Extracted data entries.
====================
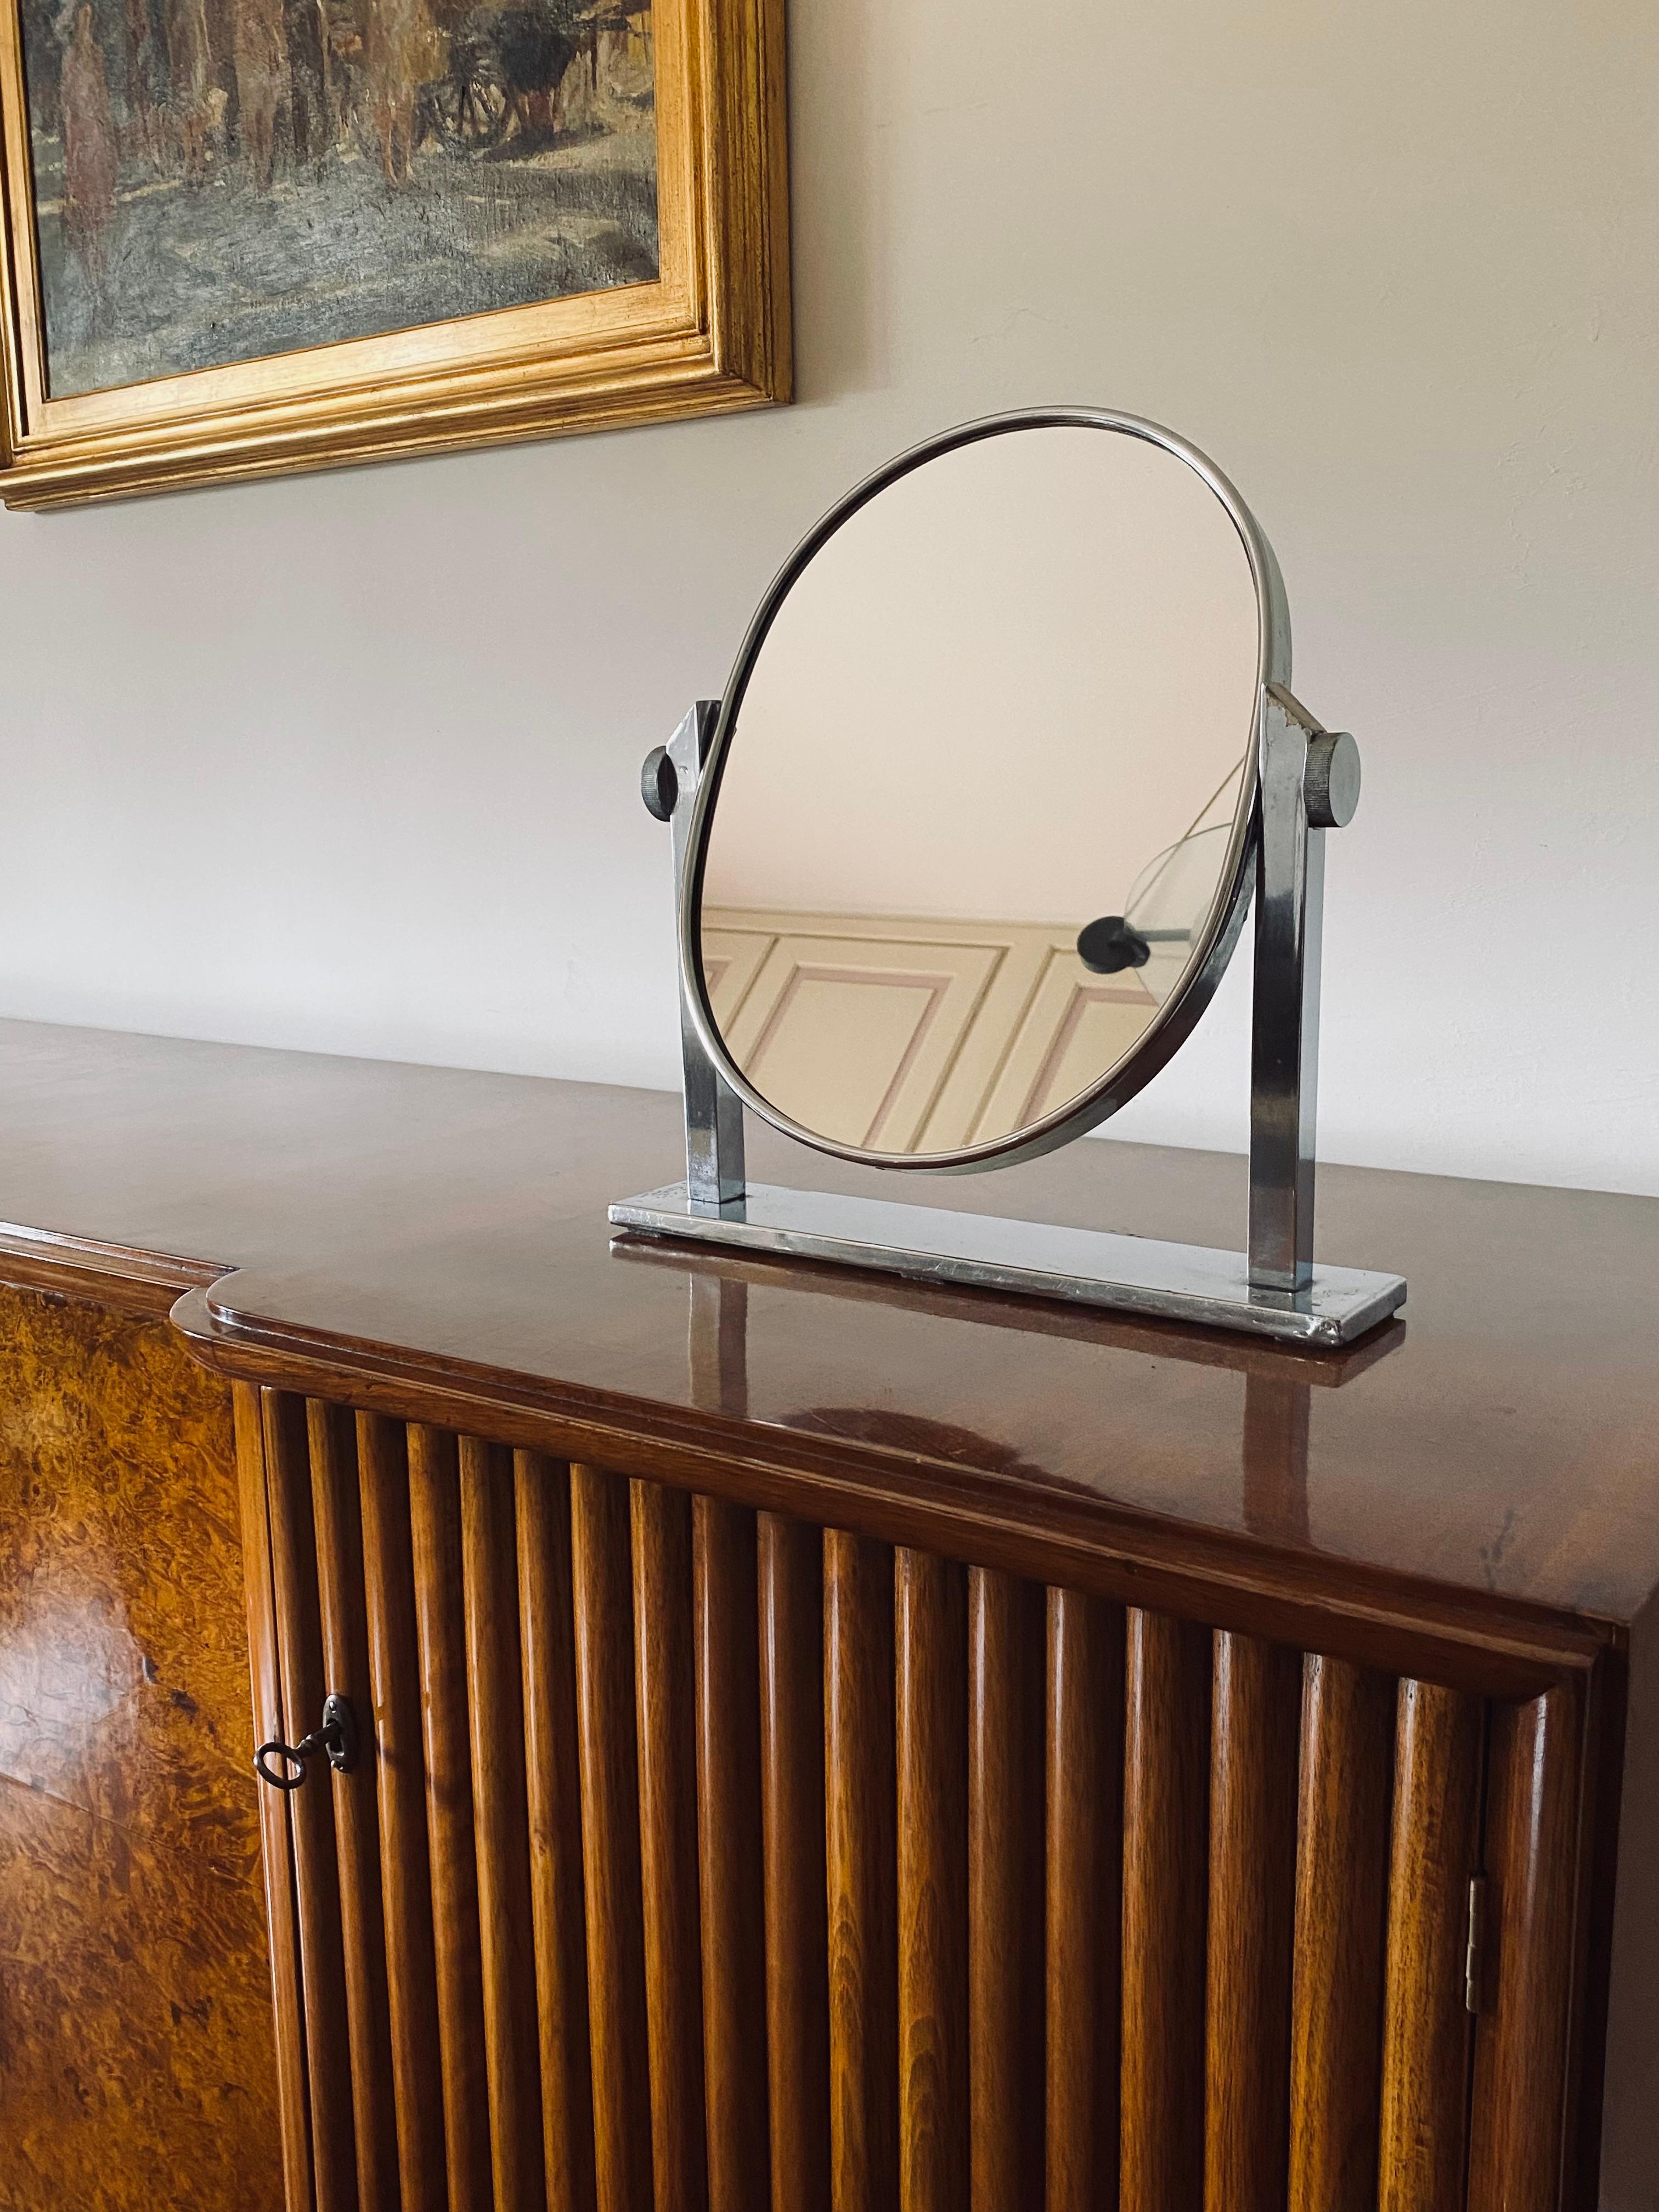 Miroir de table / vanité en laiton nickelé du milieu du siècle

Italie années 1960

laiton nickelé, miroir

H 38 cm x 36 x 7,5 cm

Condit : très bien, conforme à l'âge et à l'utilisation.
====================
To do. Please reproduce, word for word, every line from the line with "laiton nickelé, miroir" to the final line above, including both ends.

Solution for this task.
laiton nickelé, miroir

H 38 cm x 36 x 7,5 cm

Condit : très bien, conforme à l'âge et à l'utilisation.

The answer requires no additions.